大量的內啡肽被释放,疼痛感被强行压制到5/10。但同时,神经负荷曲线直线飆升,衝破了橙色区域,进入红色。
队医检查后,对教练摇头。
“建议换下。”
陈克抓住队医的手臂。
“我能打。”他的声音很平静,“疼痛减轻了。”
“那是休克反应,不是真的减轻……”
“我能打。”陈克重复,然后看向教练。
李教练看著他的眼睛,看了五秒钟。
那五秒里,陈克不知道教练看到了什么——是固执,是愚蠢,还是某种更深层的东西。
“还有八分钟。”教练最终说,“如果你感觉到任何异常,立刻下来。不是请求,是命令。”
陈克点头,站起身。
左膝的疼痛確实减轻了,但取而代之的是一种陌生的感觉——整个左腿在发烫,像有电流在肌肉深处流动。而且,他的感知变得异常清晰。
不是双频道状態,不是锚点状態。
是某种……全频道状態。
比赛重新开始。
陈克罚中两球,46比38。
路易斯安那理工进攻,詹金斯运球过半场。
这一次,陈克“看见”的不只是詹金斯的习惯,而是整个防守阵型的三维结构:每个人的站位、视线方向、重心倾向、肌肉紧张度。
他甚至“看见”了传球路线——不是可能的路线,是“最可能”的路线。因为每个人的习惯、倾向、当前状態,都在那个三维结构中形成了压力梯度,而球会自然流向压力最低的路径。
詹金斯传球了。
球飞向左侧45度角。
陈克提前移动,伸手。
指尖碰到篮球,改变方向。米切尔抢到球,快攻,得分。
48比38。
分差第一次来到10分。
托马斯集会中心安静了。
陈克回防时,左腿的灼烧感在增强。
神经负荷监测显示:深红色区域,接近黑色閾值。
但他停不下来——因为在这种状態下,篮球变得太简单了。
就像看穿了魔术的所有机关。
接下来的四分钟,陈克完全统治了比赛。
他送出了三次助攻,全部是“提前量”传球——球到的时候,接球人刚好跑到位置。
他完成了两次抢断,都是预判了传球路线。
他甚至投进了一个三分,在詹金斯贴防下,后仰出手。
当比分来到58比44,时间还剩四分钟时,路易斯安那理工放弃了。
他们的教练换下了主力,宣告投降。
陈克被换下场时,左腿的灼烧感已经变成了剧痛。
他坐在替补席上,用冰袋裹住膝盖,但疼痛从深处传来,冰敷无效。
神经负荷监测:黑色区域。
系统过载了。
最后的四分钟,陈克没有看比赛。
他闭著眼睛,全力维持意识清醒。
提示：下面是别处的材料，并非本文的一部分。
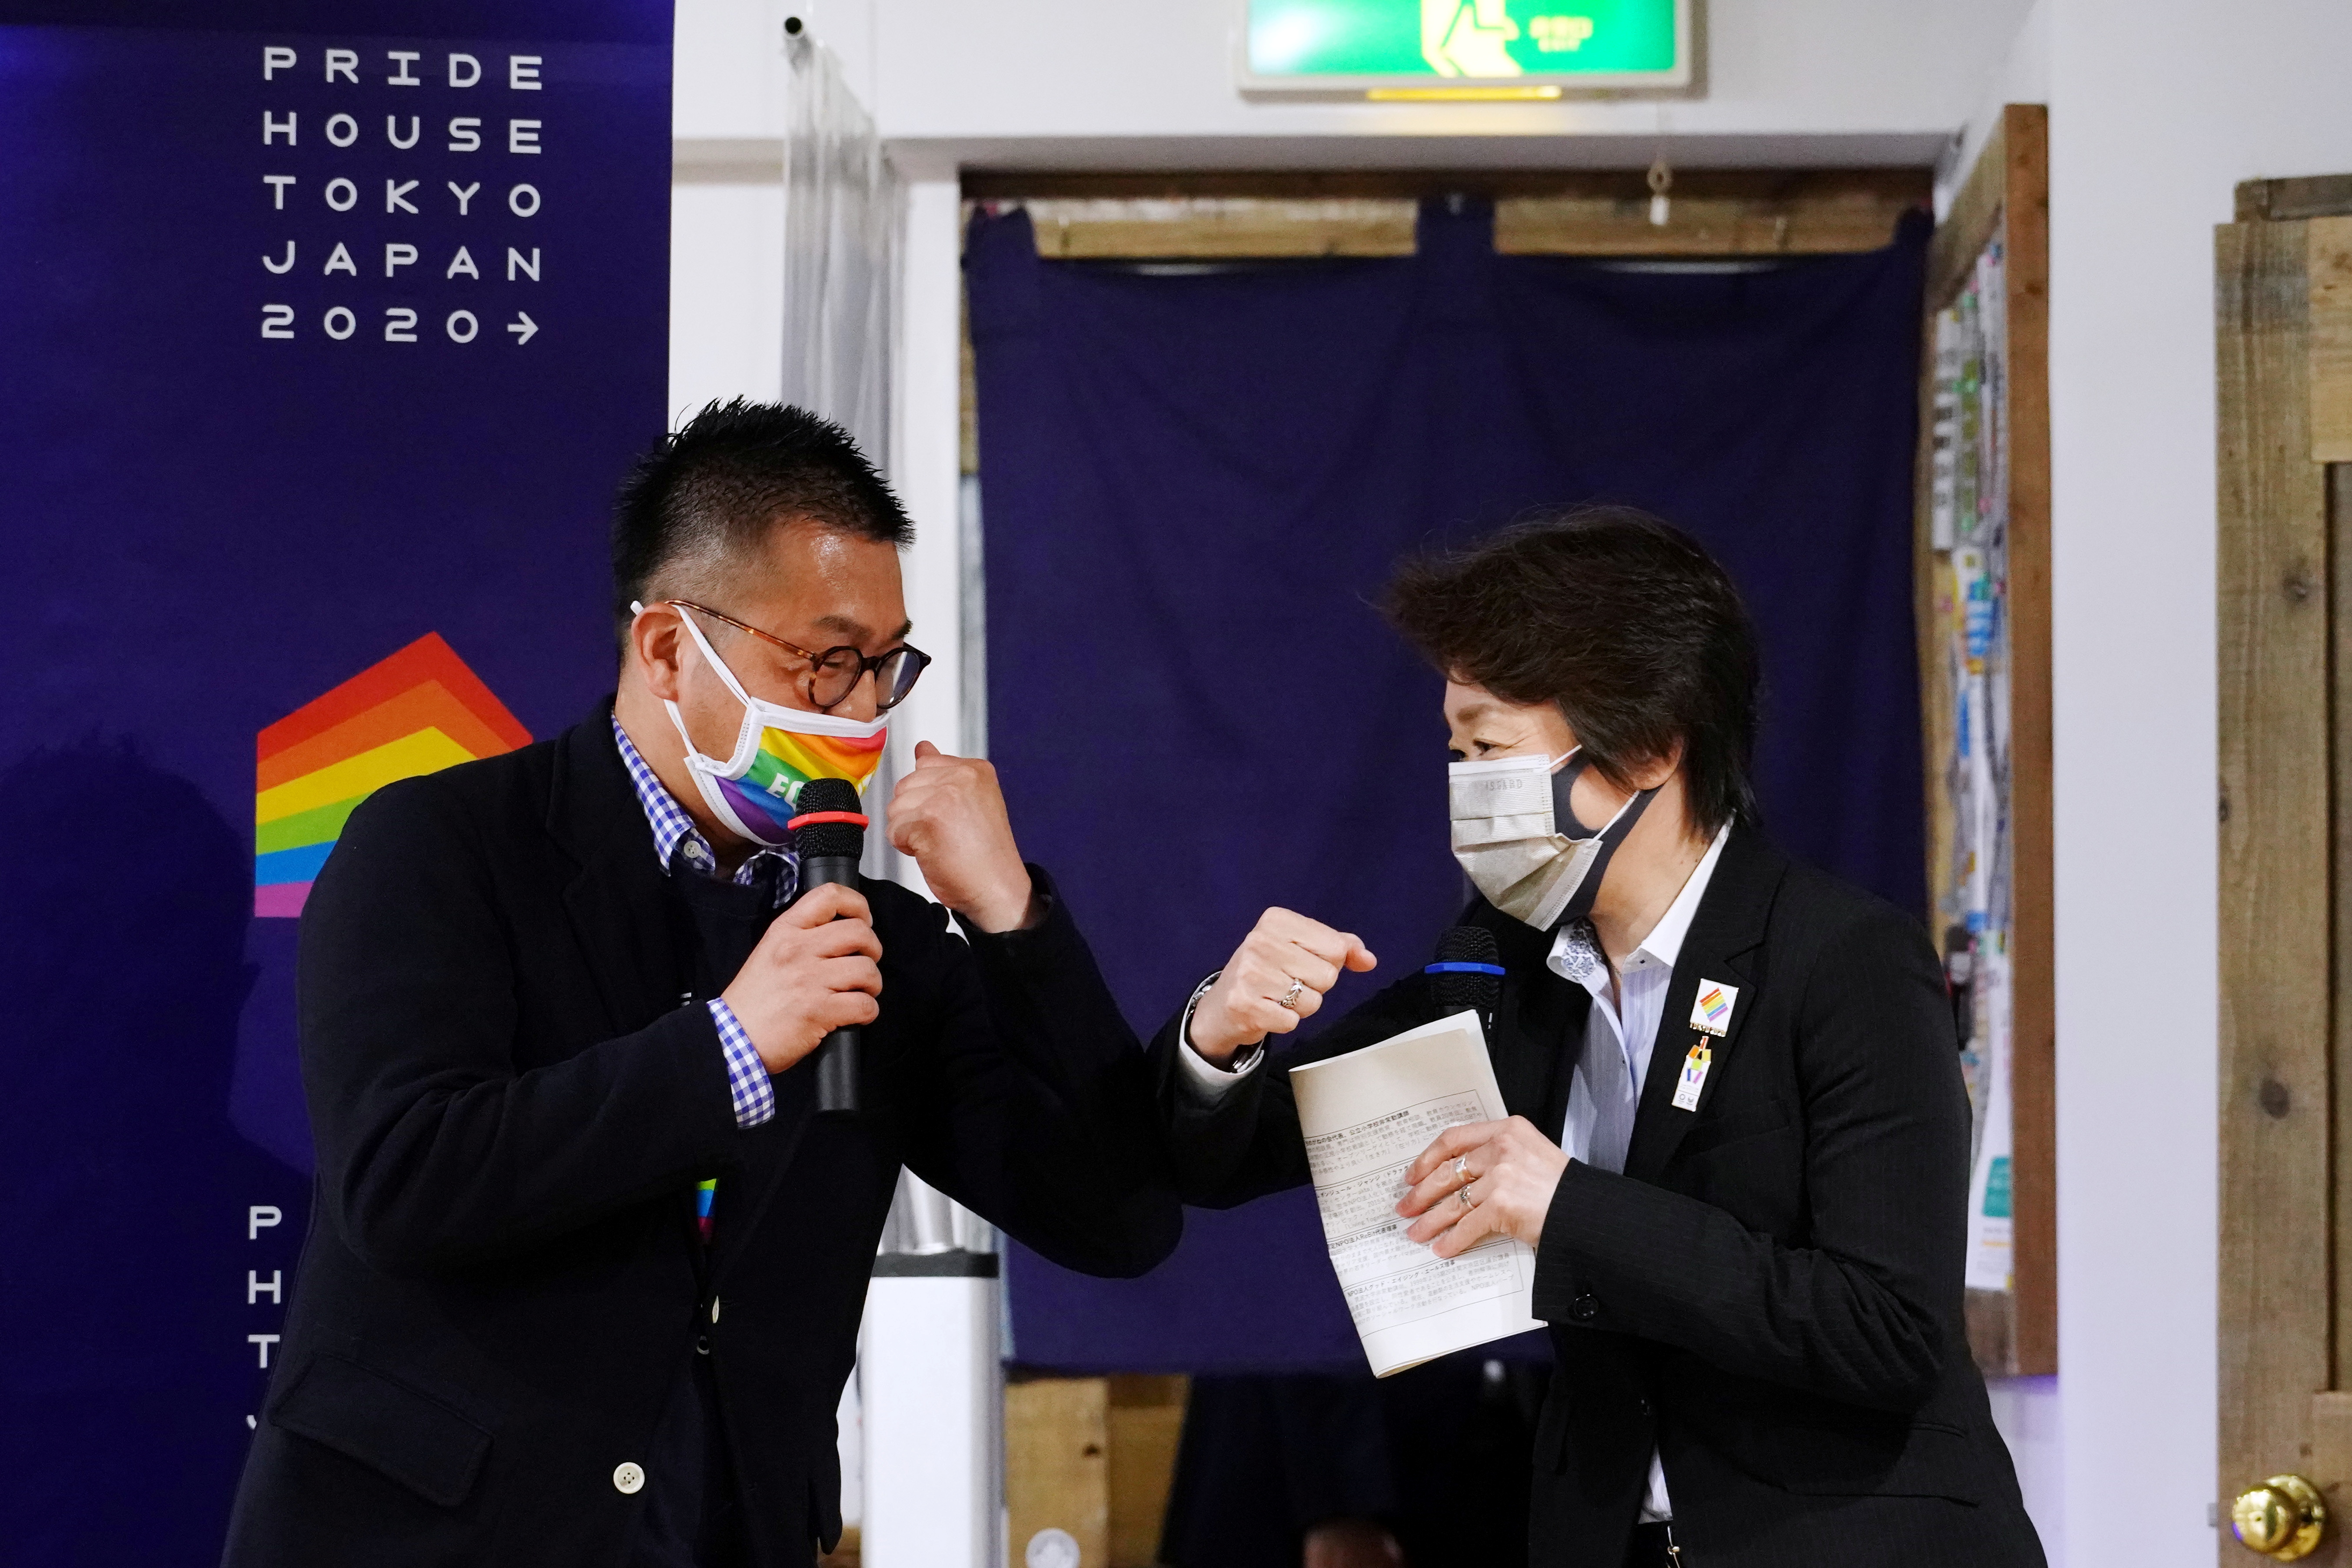 Tokyo 2020 President Seiko Hashimoto visits Pride House Tokyo Legacy

那种感觉像在暴风雨中抓著一根细绳,绳子的另一端是深渊。
终场哨声响起时,比分定格在64比50。
拉斐特贏了。
球员们欢呼,教练微笑,客场球迷沉默退场。
陈克试图站起来,左腿一软,差点摔倒。
德韦恩·米切尔扶住他。
“没事吧?”
“累了。”陈克说。
走向更衣室的路上,每一步都像踩在刀尖上。
但更可怕的是大脑深处的感觉——有什么东西在“重组”,在“適应”,在利用这次过载进行某种升级。
在更衣室门口,李教练拦住了他。
“明天早上七点,训练馆。”教练的声音很低,“我要给你做全面检测。今晚如果感觉到任何异常,立刻打电话给我。”
陈克点头。
洗澡时,他看见左膝已经肿了起来,皮肤下有深紫色的淤血。
但比肿胀更触目惊心的,是膝盖周围那些细小的、像电路图一样的红色纹路——沿著血管分布,微微凸起,触摸时有灼热感。
他用毛巾擦乾身体,换上衣服。
队友们在討论著这场胜利的意义:8胜4负的战绩,季后赛希望大增,评审委员会会看到一支有竞爭力的球队。
陈克听著,没有说话。
他知道自己应该高兴,应该放鬆,应该享受胜利。
但他心里只有一个清晰的认知:
那个系统,它不只是在帮助他打篮球。
它正在以某种他不完全理解的方式,改造他的身体。
而刚才比赛最后八分钟的过载状態,可能已经推动了某个不可逆的临界点。
走在回宿舍的路上,亚特兰大十二月的夜风吹在脸上。
左腿的疼痛还在持续,大脑深处的重组感还在进行。
陈克抬起头,看著星空。
他知道,接下来的路,会比今晚的比赛更难、更危险、更不可预测。
但就像他对教练说的那句话:
他不会输。
即使对手是他自己体內的那个系统,即使代价可能是他从未想像过的东西。
因为在他身后,有一个家庭需要他贏。
而贏,从来不是选择题,是必答题。